Lost In Time (Blue Bloods Novel)

“Yes, but you’re not.” His eyes came alive, and before Bliss could blink, the boy had wrapped his fist around her neck and pinned her to the floor, locking his knees against her waist and keeping her arms away from her body. His shackles, Bliss could see now, had not been locked.

“Who are you?” she asked, spitting out the words with difficulty, recoiling from the boy’s grip around her neck. She wondered if she could reach into her jean pocket to stab him with the hidden blade she always kept there.

“I think the correct question is, who are you? You’re in our territory.” His voice was low and musical, friendly.

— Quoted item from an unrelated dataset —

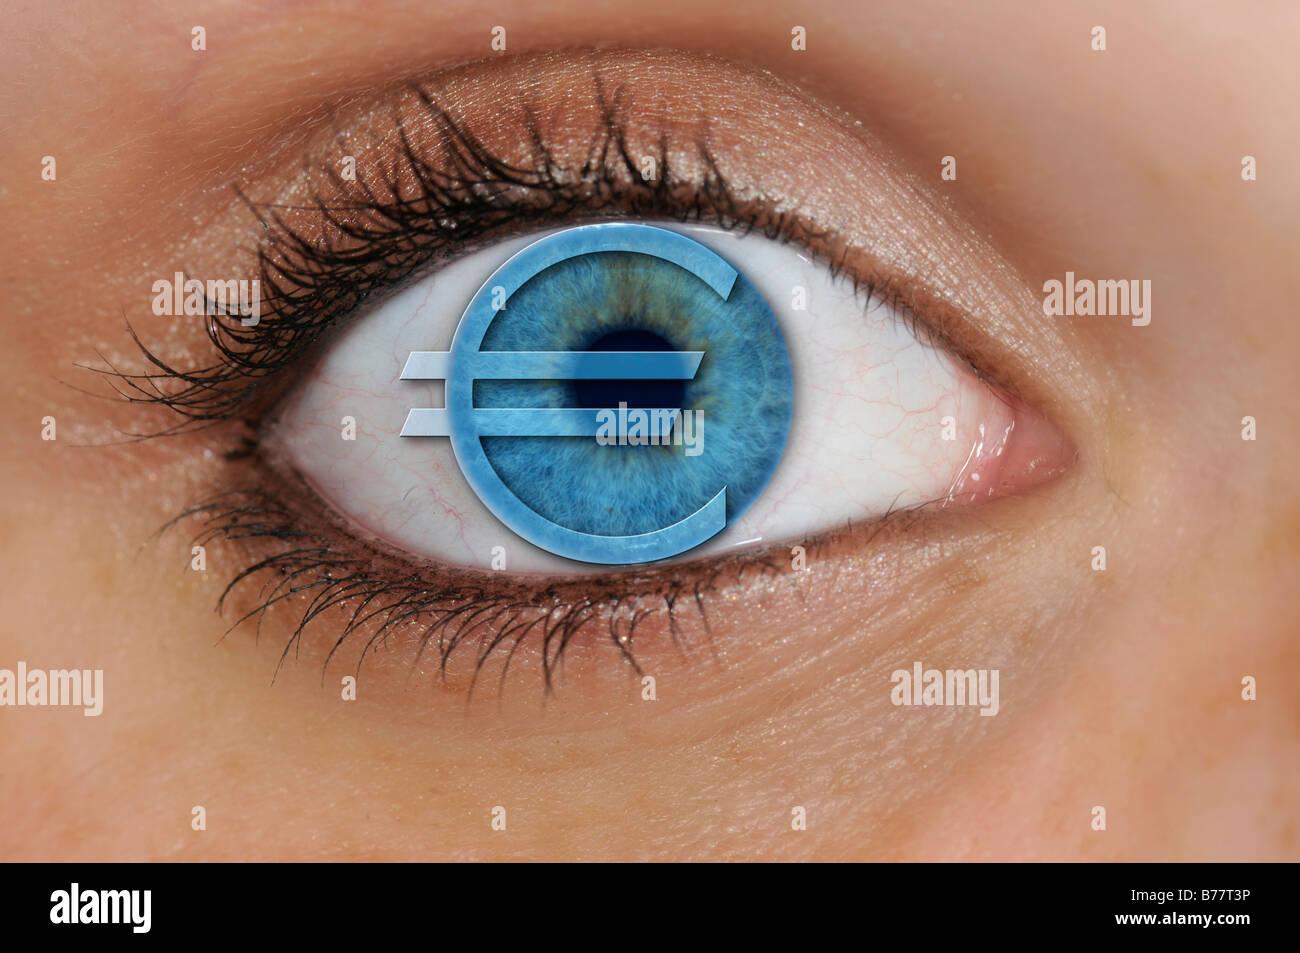 Oeil avec un symbole de l'euro en surimpression sur un iris bleu, détail, symbolique de l'avarice Photo Stock

“I don’t know what you mean.”

“We don’t like the likes of you here. You smell like the glom,” he said, and she knew he meant that she was not quite human; that somehow, he could sense her formerly immortal stature, when she had once been an angel of fire.

“You know about the glom?” Bliss asked.

The boy laughed. “We hunt in the glom. We are the Abyssus Praetorium.”

Bliss startled. She’d heard the term before. The Guards of the Abyss. Also known as the Praetorian Guard. An image flashed in her mind. She saw the Visitor—Lucifer—her father—standing inside an elaborate palace, surrounded by magnificent columns of gold. A cast of thousands was gathered around his court. Was this Rome? Or ancient Egypt? She couldn’t tell. Lucifer stood at the top of a marble staircase, looking down at a creature of exquisite beauty. It was a man, but he was taller than a human male, with a certain otherworldly magnificence, wild-eyed and ferocious.

The image did not come from her memory but from Lucifer’s. When she had been captive to his spirit, when he had taken over her soul, fragments of his memories had drifted into her consciousness. Triggered by random events, memories she’d never had would suddenly pop into her mind. So. The Visitor knew these creatures. She closed her eyes to recall the scene once more. She could hear Lucifer speak. The language was unfamiliar, its words harsh and convoluted, but she knew she could speak them as if they were her own.

“Release me!” she cried, just as the boy’s hand tightened on her throat. The room froze and from the other side of the door, the beast howled. Then the boy’s grip eased and he fell away, staring at her in amazement and confusion, as if he could not quite understand why he had let her go.

She was as she shocked as he was, but she didn’t have any time to lose. In one fluid motion, Bliss rolled away and bolted from the room, catching her balance before she slipped in a puddle of blood. She wrenched the knife from the freezer door and ran through the doorway and back out into the shop.

What just happened? She had tracked the creature for weeks, and now suddenly it seemed that she was the one who was being pursued. Had Lucifer sent the creature to lure her here? Was he somehow able to reach her once more? Was the boy working for him? How could Allegra have led her to this hellhole? Was everything she had been told and everything she believed nothing but a lie?

Bliss pushed against the front door, surprised to find it was locked. She had purposefully left it open when she’d entered. Who had locked it? She kicked at the jamb, splitting it in two and throwing glass out onto the street. She flung the door open and skidded out onto the sidewalk. Tiny shards of glass dug into her shoes as she stumbled across the pavement toward her car. She heard the slap of running footsteps behind her, but she didn’t turn. Grabbing the keys out of her pocket, she wrestled the door open, slid into the driver’s seat, and fired the engine. She looked ahead of her, and then behind. She was parked in from both sides, the other cars mere inches away from hers. There was no way she could get out without doing damage to either vehicle, or her own. It was obviously a trap. She’d just have to smash her way out. She floored the gas pedal, and slammed into the car in front of her. It moved, but barely.

She slammed on the gas again, this time throwing the car into reverse, and plowed directly into the car behind her, causing a sickening crunch of metal against metal as the back end of her car crunched like an accordion and her taillights exploded in a shower of plastic and dust. She threw the car back into drive and pancaked the rear bumper of the car in front of her. Her own car popped up on the curb—that was more like it— allowing her to twist her way out from between the two cars that had trapped her in front of the butcher shop.

Sweat dripped from her forehead and into her eyes. She blinked, feeling dizzy. She was human now, and despite her strength, she would have to get used to her new limitations.